The next edition of the Dietary Guidelines for Americans will continue to focus on dietary patterns of what Americans eat and drink as a whole, on average and over time, to help prevent disease and keep people healthy. Additionally, the review process will take a life-stage approach and will, for the first time, include pregnant women and children from birth to 24 months as mandated by the 2014 Farm Bill.

The Dietary Guidelines for Americans are updated every five years and serve as the cornerstone of federal nutrition programs and policies, providing food-based recommendations to help prevent diet-related chronic diseases and promote overall health.

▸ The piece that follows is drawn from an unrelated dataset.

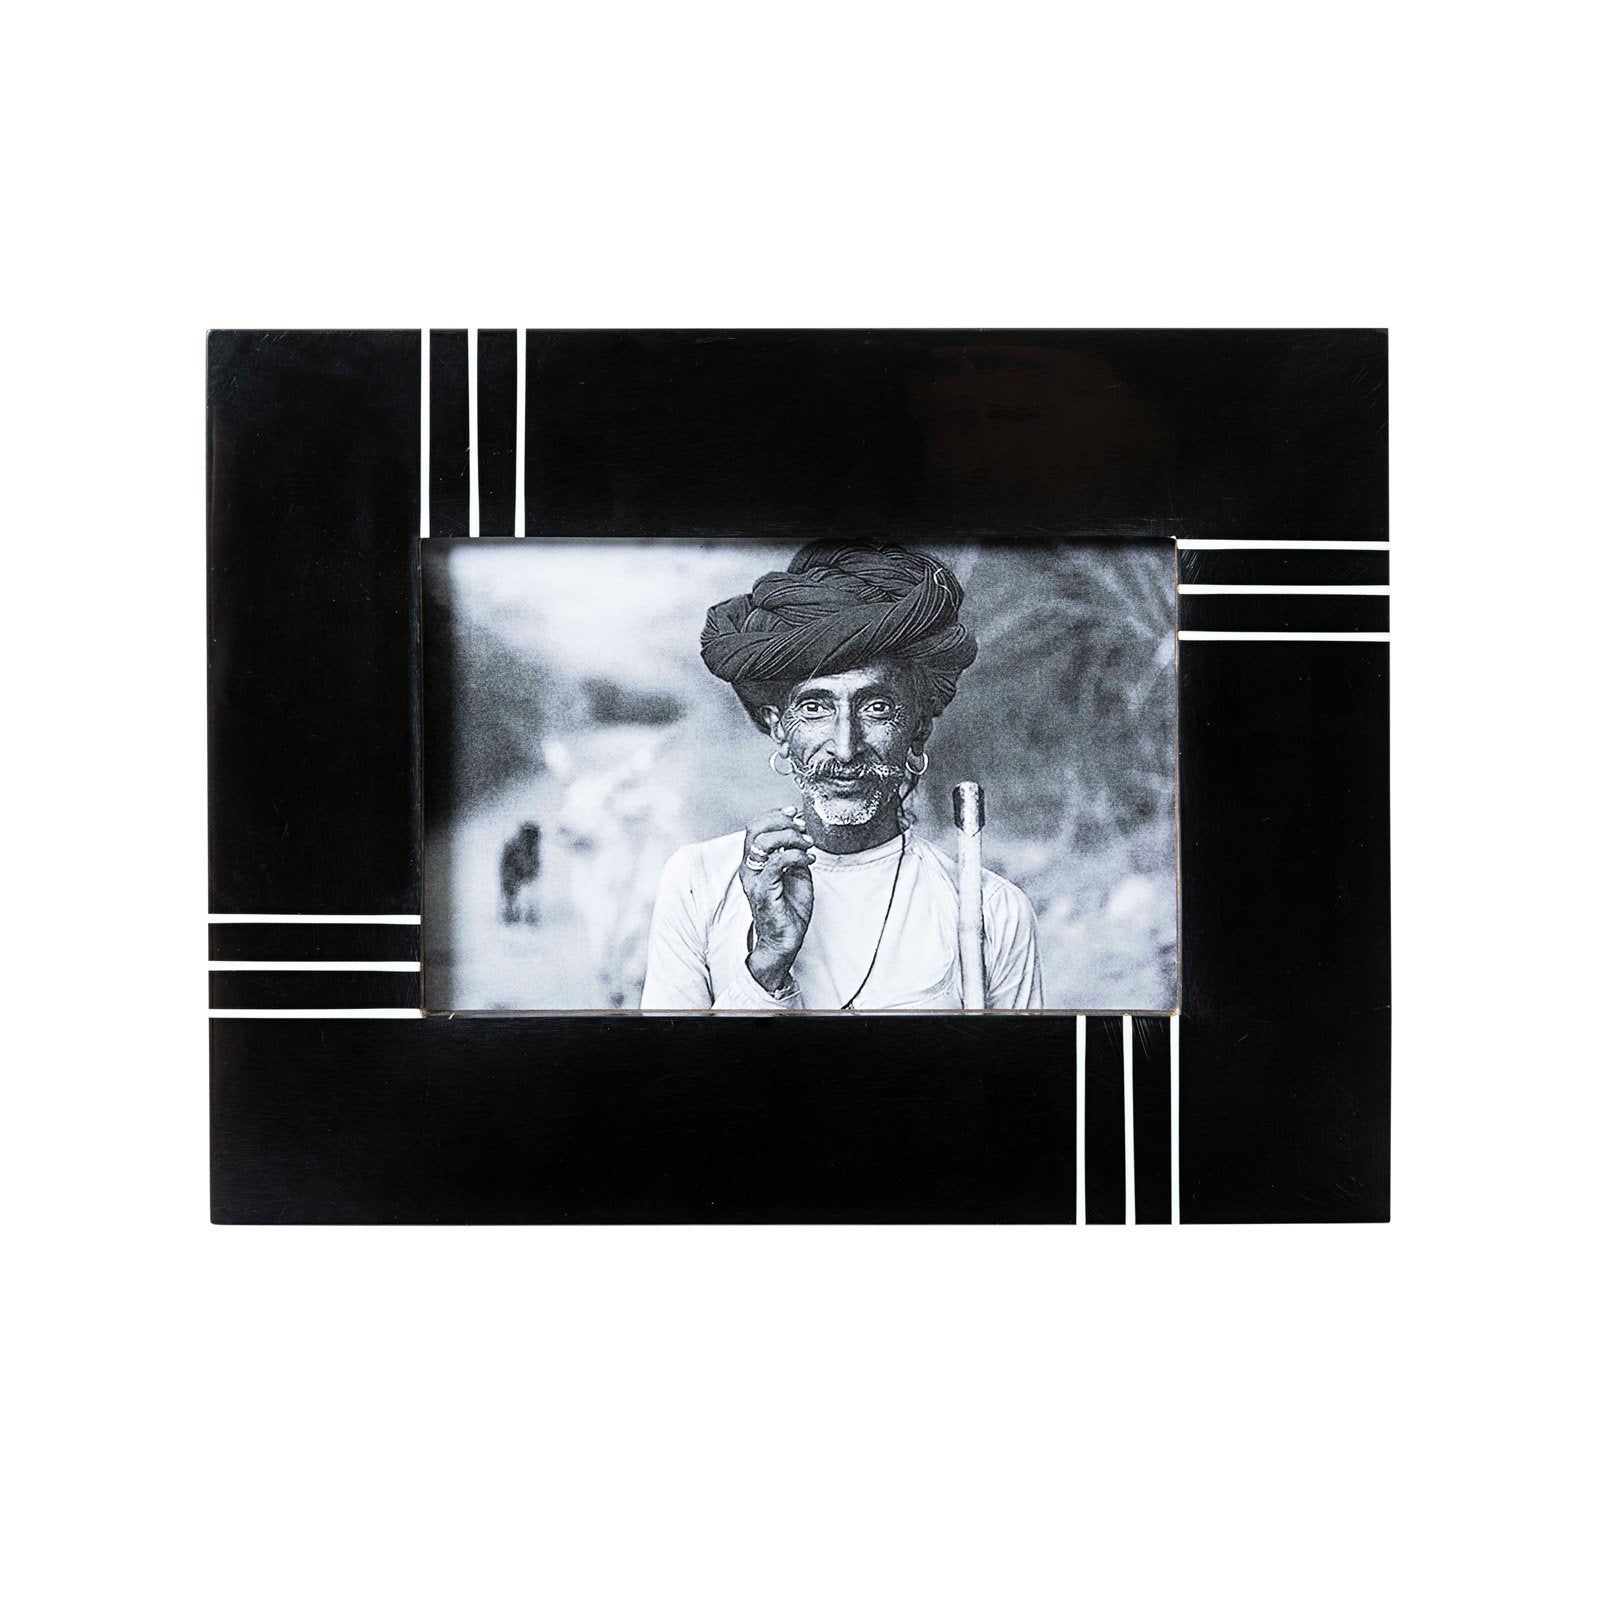 Mandishi Photo Frame 4 x 6 Black & White / 4 x 6"
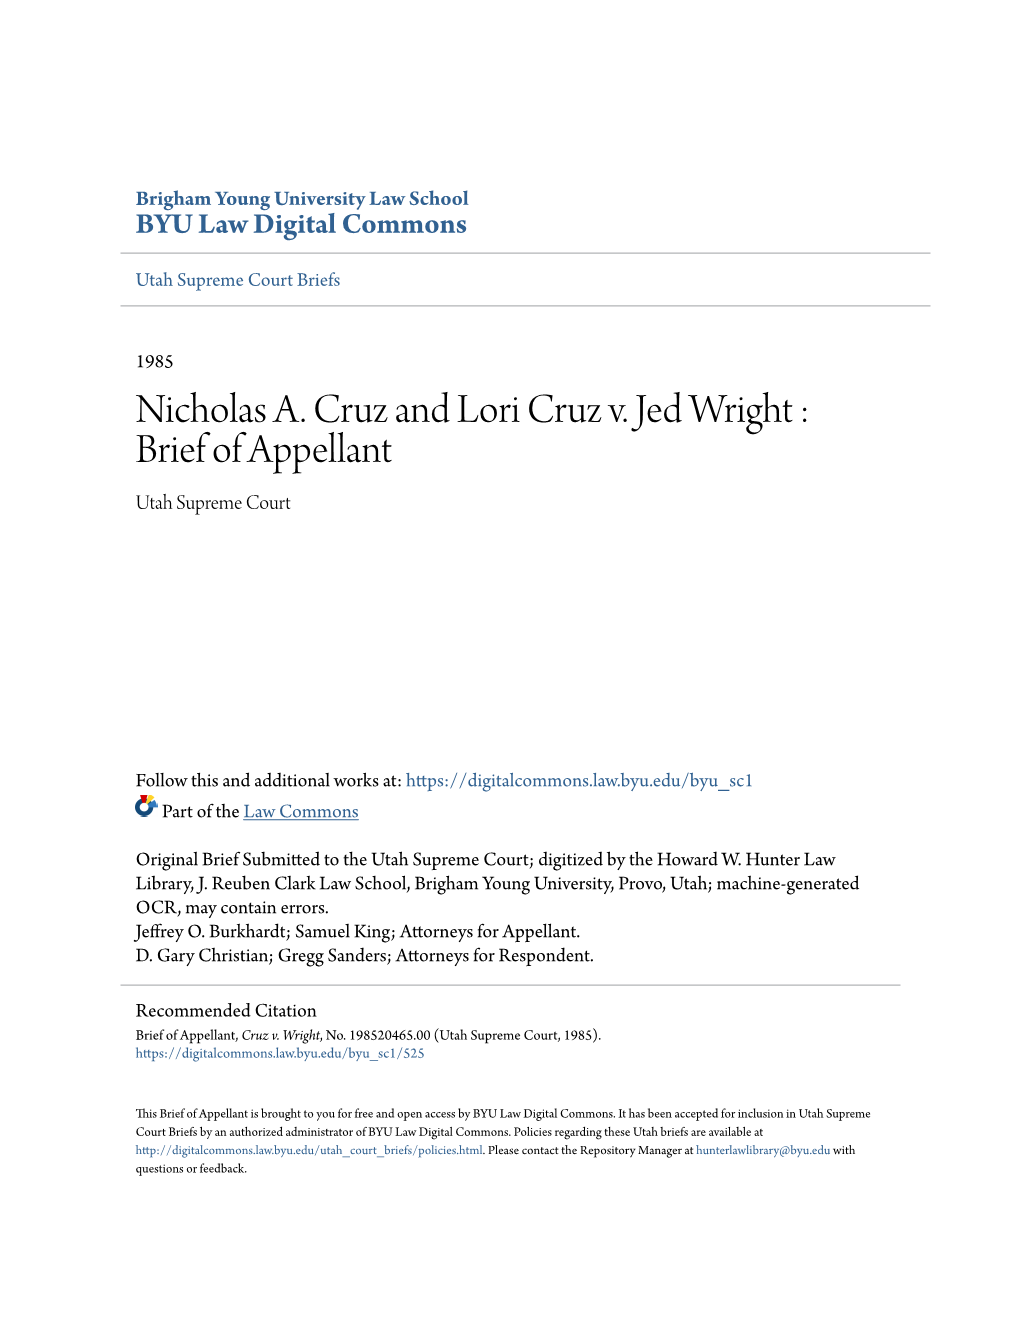 Nicholas A. Cruz and Lori Cruz V. Jed Wright : Brief of Appellant Utah Supreme Court

USDA’s Food and Nutrition Service (FNS) works to reduce food insecurity and promote nutritious diets among the American people. The agency administers 15 nutrition assistance programs that leverage America’s agricultural abundance to ensure children and low-income individuals and families have nutritious food to eat. FNS also co-develops the Dietary Guidelines for Americans, which provides science-based nutrition recommendations and serves as the cornerstone of federal nutrition policy. For information and links, go to DietaryGuidelines.gov.

The HHS Office of Disease Prevention and Health Promotion (ODPHP) provides leadership for disease prevention and health promotion initiatives on behalf of the HHS Secretary and as part of the HHS Office of the Assistant Secretary for Health. ODPHP co-develops the Dietary Guidelines for Americans with USDA and leads the development of Physical Activity Guidelines for Americans. ODPHP also leads the Healthy People initiative, which sets evidence-based, 10-year national goals and objectives for improving the health of all Americans.